Now let’s get started…
At its core, Threat Intelligence in Cyber Security is about leveraging data, which most often includes OSINT (Open Source Intelligence), to determine what actions are needed to help detect and prevent cyber threats before they are able to impact an organisation.
This post explores the requirements and data sources that Threat Intelligence teams can leverage to bolster their operations and automate some of the more tedious data collection and analysis tasks, creating room for the human element of Threat Intelligence, i.e. analysing the data and drawing meaningful conclusions.
The types of questions that we are most concerned with answering when performing Threat Intelligence include:
- What is the sophistication/relevance of the threat
- What infrastructure is used by the threat
- What is the threat targeting
- What techniques and methodologies is the threat leveraging
Not all of this information is available through OSINT, however OSINT can be used to supplement internal log and other data to build a more complete picture and support these aims. For this post, we’ve also only focused on sources with an easily accessible free tier and API access.
And for the same reason you shouldn’t rely on just one news source for understanding what’s going on in the world, you shouldn’t rely on just one Threat Intelligence data source. Intelligence comes from combining multiple sources of information and synthesizing it into something meaningful for your organisation.
With threat intelligence at hand, organisations can better monitor, investigate and block threats from impacting their operations. In some cases it can be used to support Law Enforcement in the apprehension of the criminals behind the attacks.
Benchmarking the data sources
It was quite difficult to narrow the list down to just five sources as there are so many different data sources out there. Each of them has a unique use-case, and some of them specialise in a very specific type of data source, while others generalise. For these reasons it is very difficult to do a direct comparison of each data source. Attempts at comparison via benchmarking simply don’t make sense. As such, this blog post should not be interpreted as a comparison of the services we mention, but a good blend of services that help answer the questions outlined in the requirements section above.

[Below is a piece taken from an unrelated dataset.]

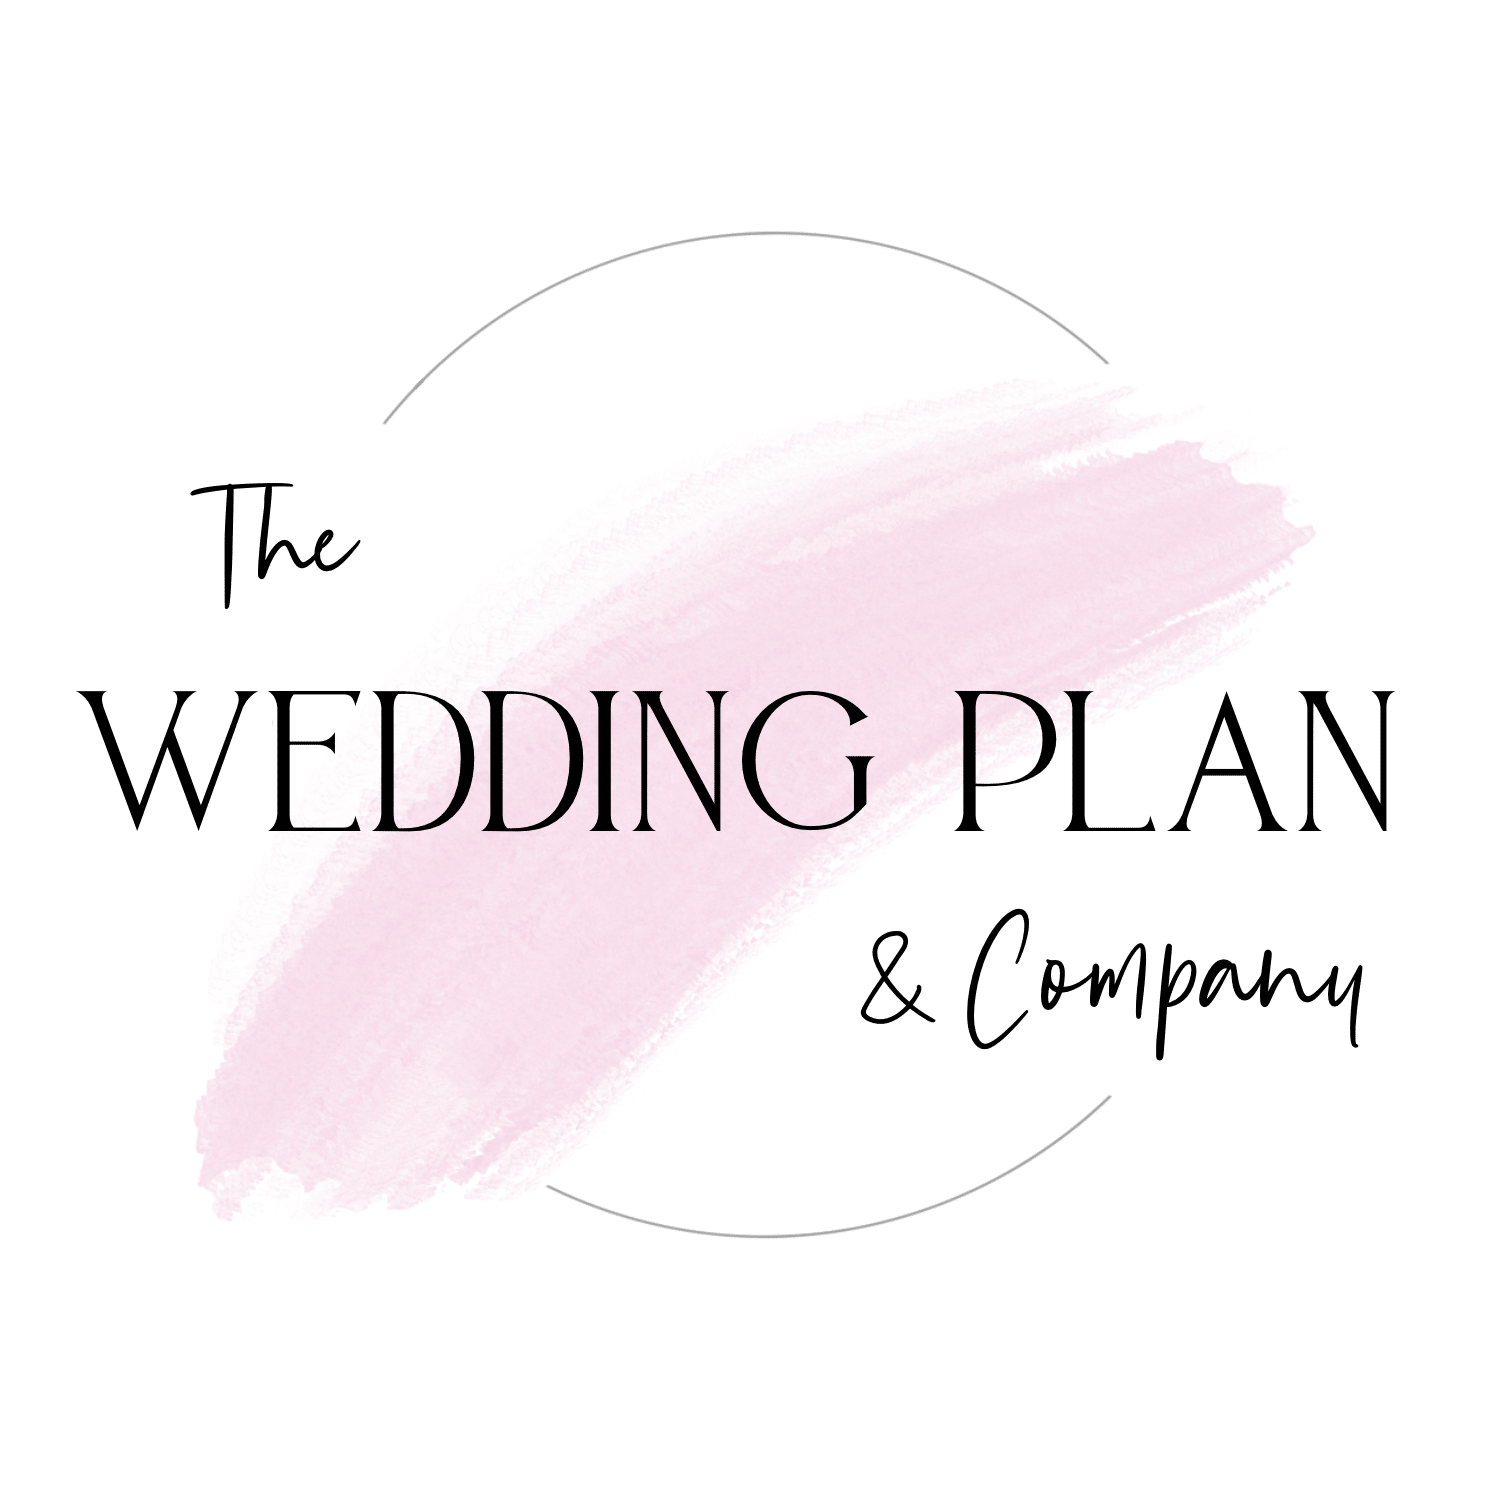 The Wedding Plan Company Logo

AlienVault (Alien Labs since the AT&T acquisition) OTX (Open Threat Exchange) is an open Threat Intelligence community that provides a rich user experience for sharing “pulses” (their terminology for what are almost like news headlines about observed threats, e.g. “New macOS Malware Spreads Via Sponsored Search Results“) and IOCs (Indicators of Compromise – file hashes, IP addresses, domains, etc.) and consuming them from others in the community, supplemented by data from Alien Labs. Community members can comment, tag and subscribe for updates so that you may receive notifications as more information arrives, and much more.
The best part – it’s free!
The quality of the data available in OTX is determined by the community and supplemented by information from Alien Labs, so are getting the best of both worlds; a reputable company providing researched and vetted content plus a wealth of free-flowing information provided by the community. And while there is a high chance of false positives in the community-derived data, the richness of the data gives analysts the ability to decide on the relevance to them and also decide which community members they want to pay more attention to. For instance, some community members have high rankings through their regular submissions of honeypot data.
Aside from IOCs, OTX also provides passive DNS data, enabling you to identify other hosts/domains using the IP address you query – helpful for identifying other malicious hosts on the same infrastructure but also supporting other use cases like attack surface management.
OTX provide an SDK for Java, Python and Golang but of course you can also interact with their RESTful API directly through cURL. The documentation on how to use the SDKs and APIs is of good quality and easy to understand. You can find the API documentation on the AlienVault OTX website (https://otx.alienvault.com/api) which includes pointers to many open source tools already using their API, in case you need examples to work from.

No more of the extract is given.